Leavitt urged employers to join with the federal government’s commitment, made in August via an executive order signed by President Bush, that new contracts with medical providers and insurance carriers promote the use of standardized health information technology and foster greater transparency over the price and quality of health care.


He asked employers to get involved with six pilot projects that have been launched in six regions of the country. The projects—based in Boston, Indianapolis, Minneapolis, Phoenix, San Francisco and Madison, Wisconsin—are using claims data to develop standards that could eventually be used to create a benchmark of care for various ailments and then rate the performance of doctors and hospitals against that scale. Eventually, medical providers would be paid according to the quality of their services, as is the case for most goods and services in a functioning marketplace.
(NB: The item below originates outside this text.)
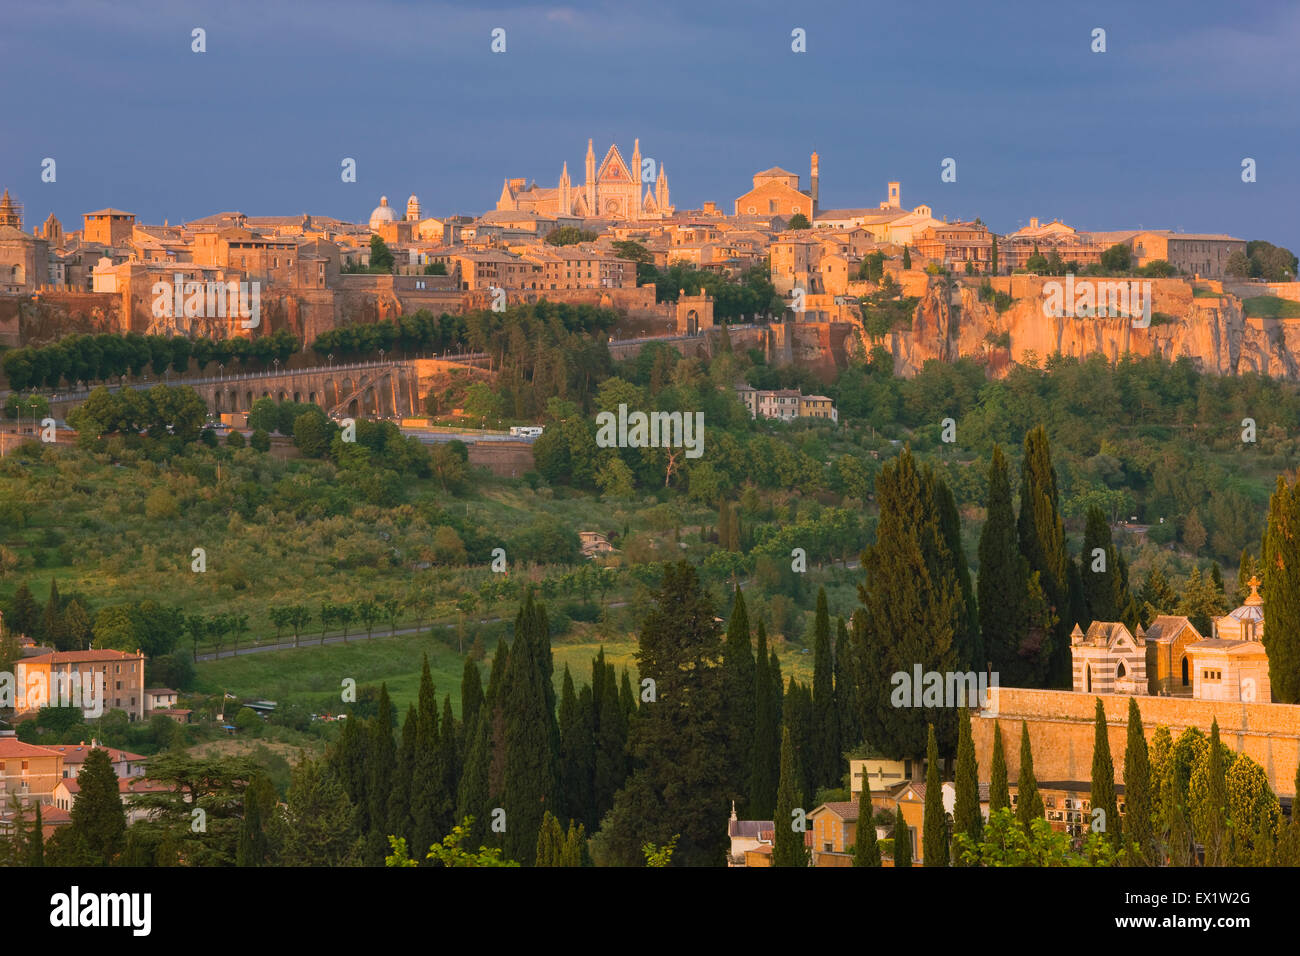 Vue de la colline de la ville médiévale d'Orvieto, Ombrie, Italie Banque D'Images

Federal health programs account for four out of every 10 people with health insurance. Leavitt says he is reaching out to the country’s 150 largest employers with 50,000 employees or more to get those companies involved in using the president’s executive order as a template in negotiating new contracts.


“When 40 percent of the market moves, it changes the market,” Leavitt says. “We want you to do that by creating an executive order of your own.”


Health and Human Services will conduct training sessions in Washington, D.C., on November 17 to help employers develop requests for proposals that specify how potential providers and carriers can comply with the goals of the executive order.